-- DATASET EXCERPT --
■ ■ ■ ■ ■ ■ ■
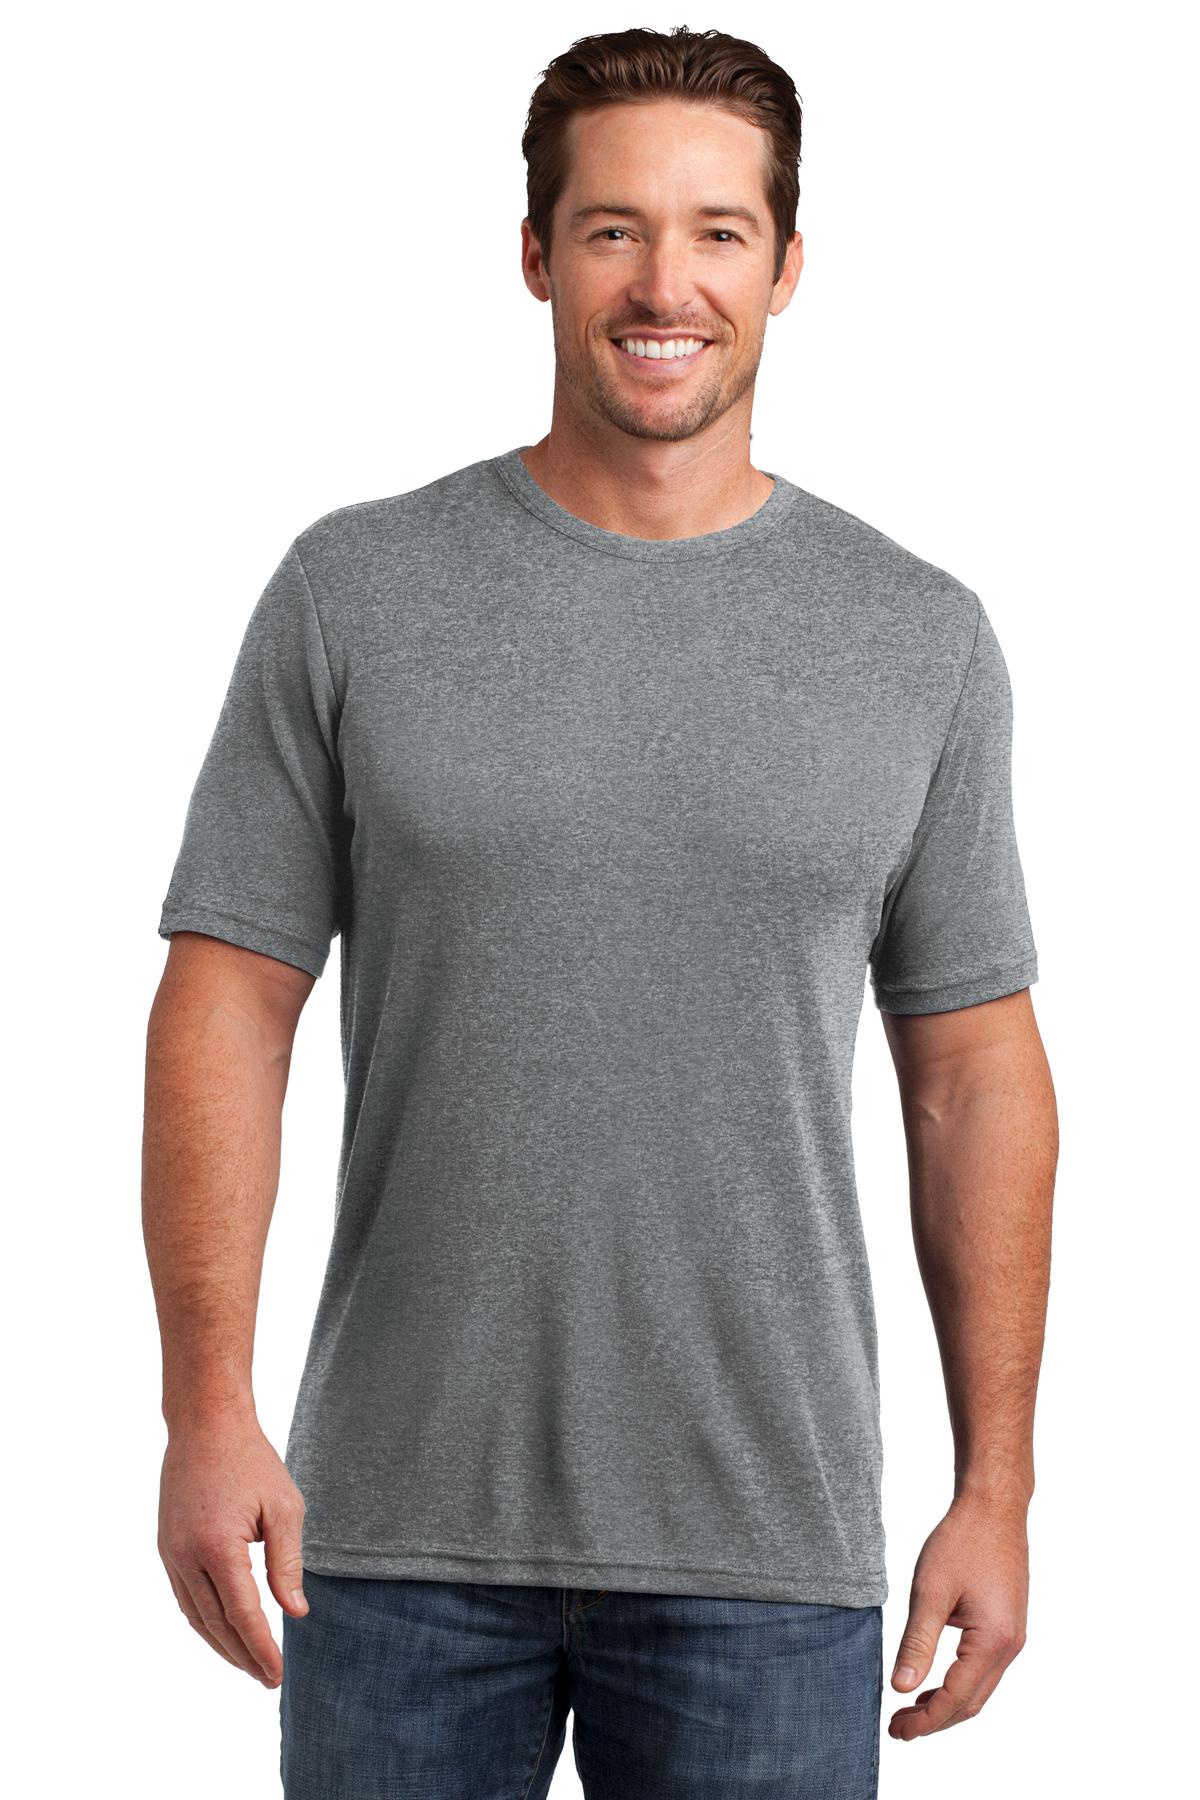 T-Shirts-100-Cotton-37
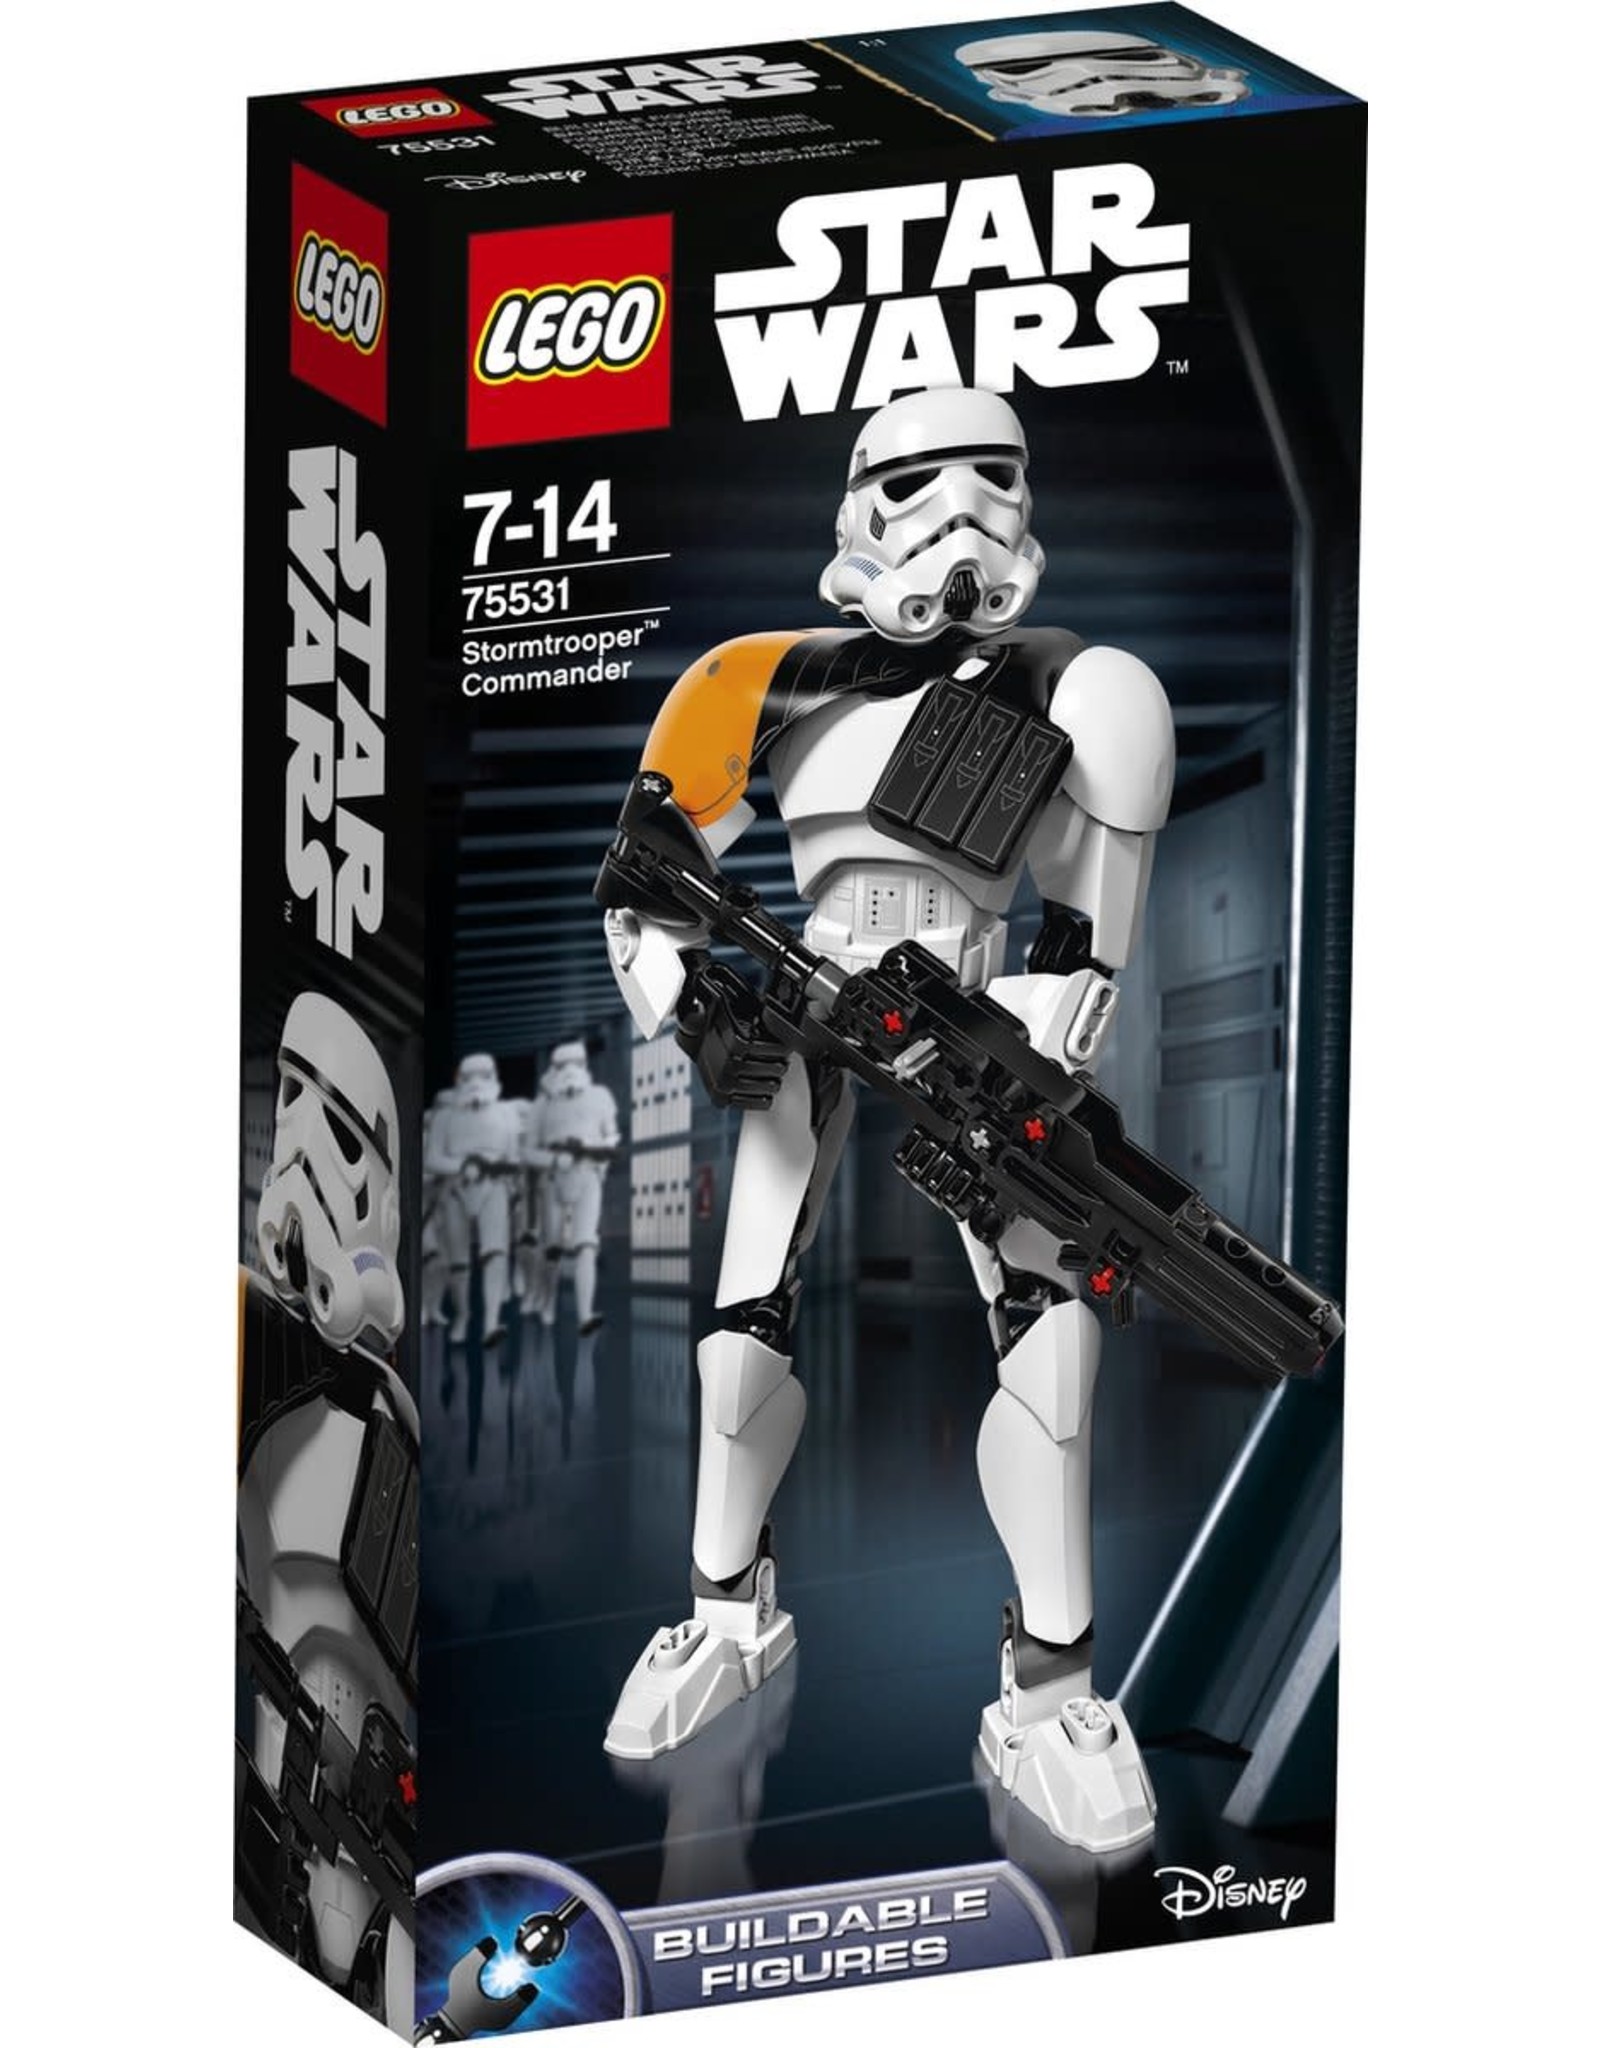 LEGO Lego Star Wars 75531 Stormtrooper Commander
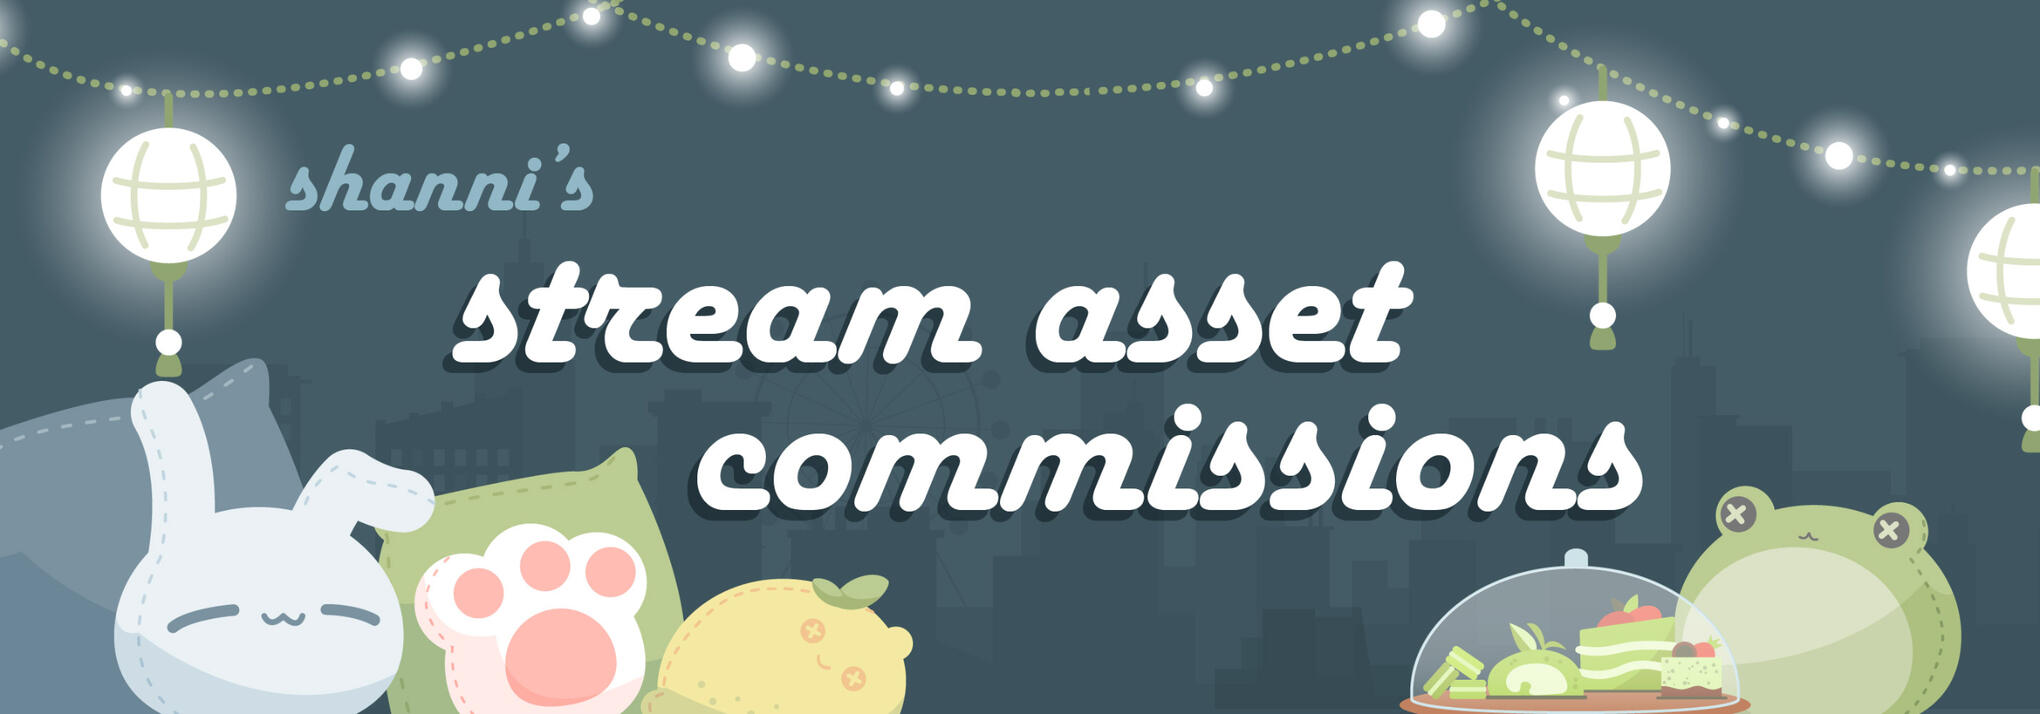 Shanni's stream asset commissions
■ ■ ■ ■ ■ ■ ■
Leaving the pictures out, output all of the listing exactly.

-- SOLUTION TO THE PROBLEM --
 T-Shirts-100-Cotton-37
 LEGO Lego Star Wars 75531 Stormtrooper Commander
 Shanni's stream asset commissions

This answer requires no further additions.